The mean levels of leptin and HOMA-IR in subjects with MS were significantly higher than in those without MS (Table 4). In addition, subjects with MS (n = 10) showed a significantly lower A/L ratio compared with that of subjects without MS (1.61 vs. 3.57, P = 0.012). The mean levels of adiponectin were lower in subjects with MS compared with the subjects without MS, but there were no statistically significant differences (4.95 µg/mL vs. 7.46 µg/mL, P = 0.057) (Table 4).

The participants were divided into four groups according to the number of MS components (Table 4, Fig. 1). With an increasing number of MS components, the mean levels of leptin and HOMA-IR increased (P = 0.007, P = 0.001) (Fig. 1A and B) and the A/L ratio decreased significantly (P = 0.033) (Fig. 1C). However, the level of adiponectin showed a tendency to decrease as the number of MS components increased, although this tendency was not statistically significant (P = 0.269).

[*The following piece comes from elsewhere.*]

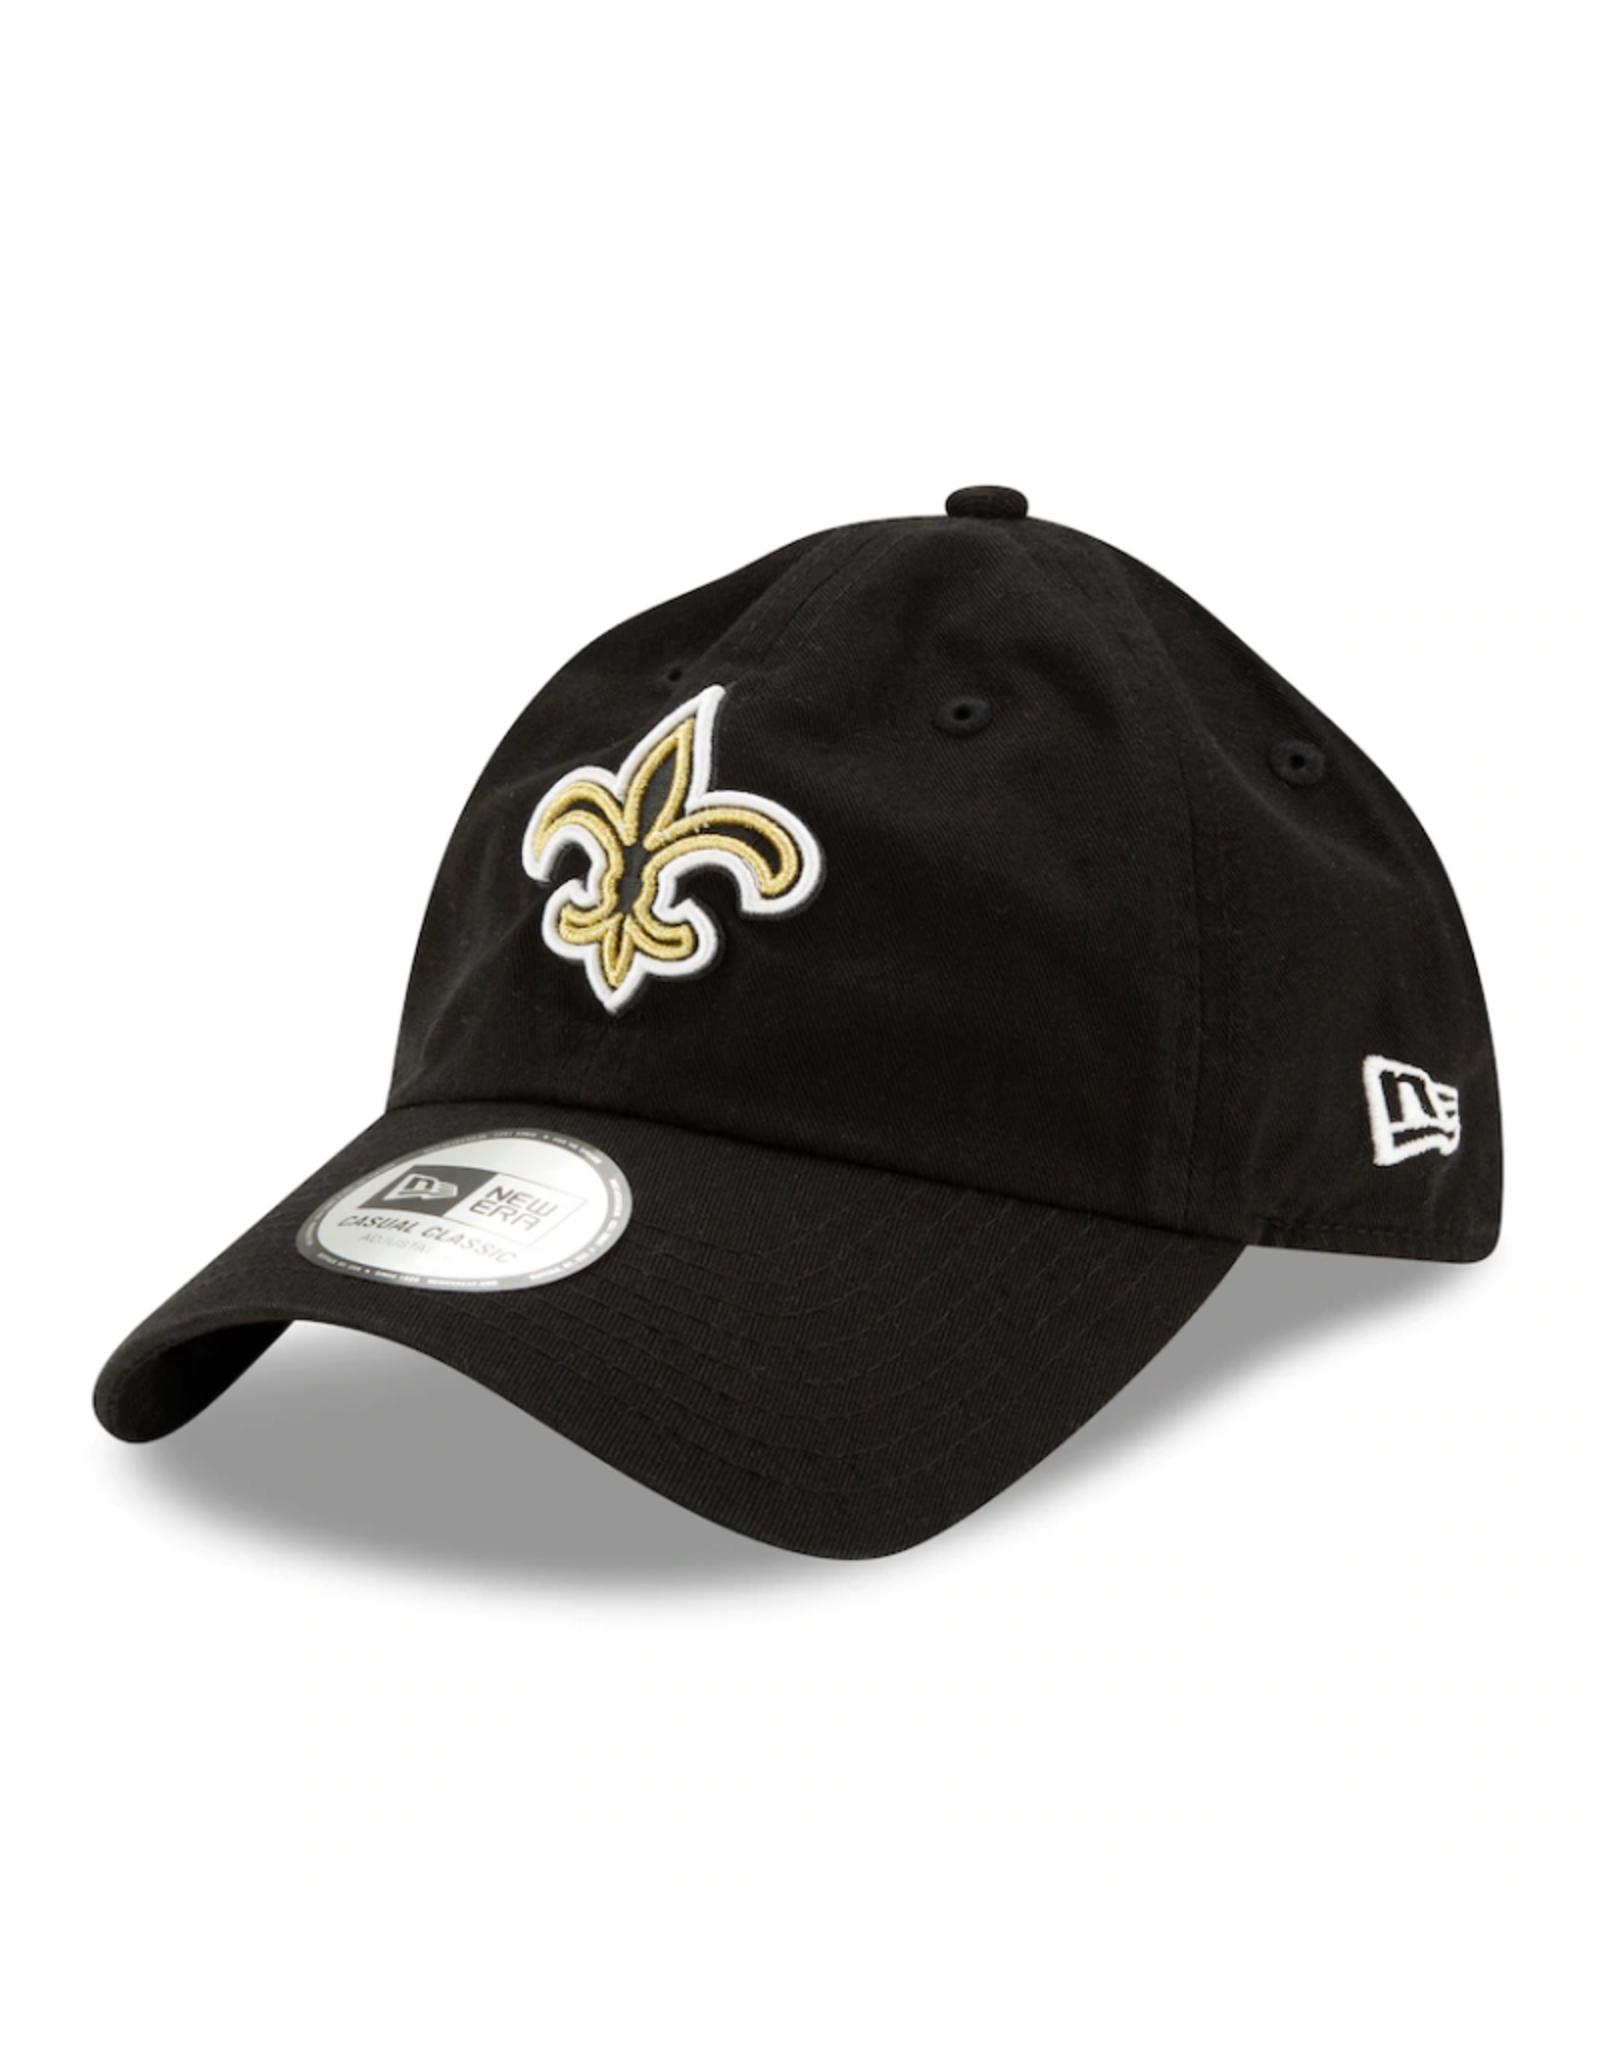 New Era '20 NFL Draft Casual Classic Hat New Orleans Saints Black Adjustable

Multiple regression analyses with HOMA-IR or A/L ratio as the dependent variable

Multiple linear regression models with HOMA-IR or A/L ratio as the dependent in separate models, are presented in Table 5. TG and PBF were significant determinants for HOMA-IR (R² = 0.564), and BMI and FBS were the significant determinants for A/L ratio (R² = 0.380) (Table 5). Also, we carried out multiple linear regression analyses with HOMA-IR or A/L ratio as the dependent variable, including each variable in the opposite model (Table 6). When the analysis was performed with HOMA-IR as the dependent variable, TG, FBS, and A/L ratio were the significant determinants, with a correlation coefficient for A/L ratio of -0.202 (R² = 0.593) (Table 6). When the analysis was performed with A/L ratio as the dependent variable, BMI and HOMA-IR were the significant determinants, with a correlation coefficient for HOMA-IR of -0.252 (R² = 0.413) (Table 6).

DISCUSSION

The result of the present study showed that A/L ratio showed negatively significant correlations with PBF, lipid profiles, and HOMA-IR. Mean leptin and HOMA-IR levels were significantly higher and A/L ratio was significantly lower in participants with MS. In multiple regression analysis, HOMA-IR and A/L ratio affected each other and were significant predictors for each other, suggesting that A/L ratio might be used as an insulin resistance marker in healthy males. However, as expected, models including HOMA-IR as the dependent variable showed significantly higher correlations with other metabolic parameters compared with model with A/L ratio as the dependent variable, suggesting that HOMA-IR is the stronger marker for insulin resistance than is the A/L ratio.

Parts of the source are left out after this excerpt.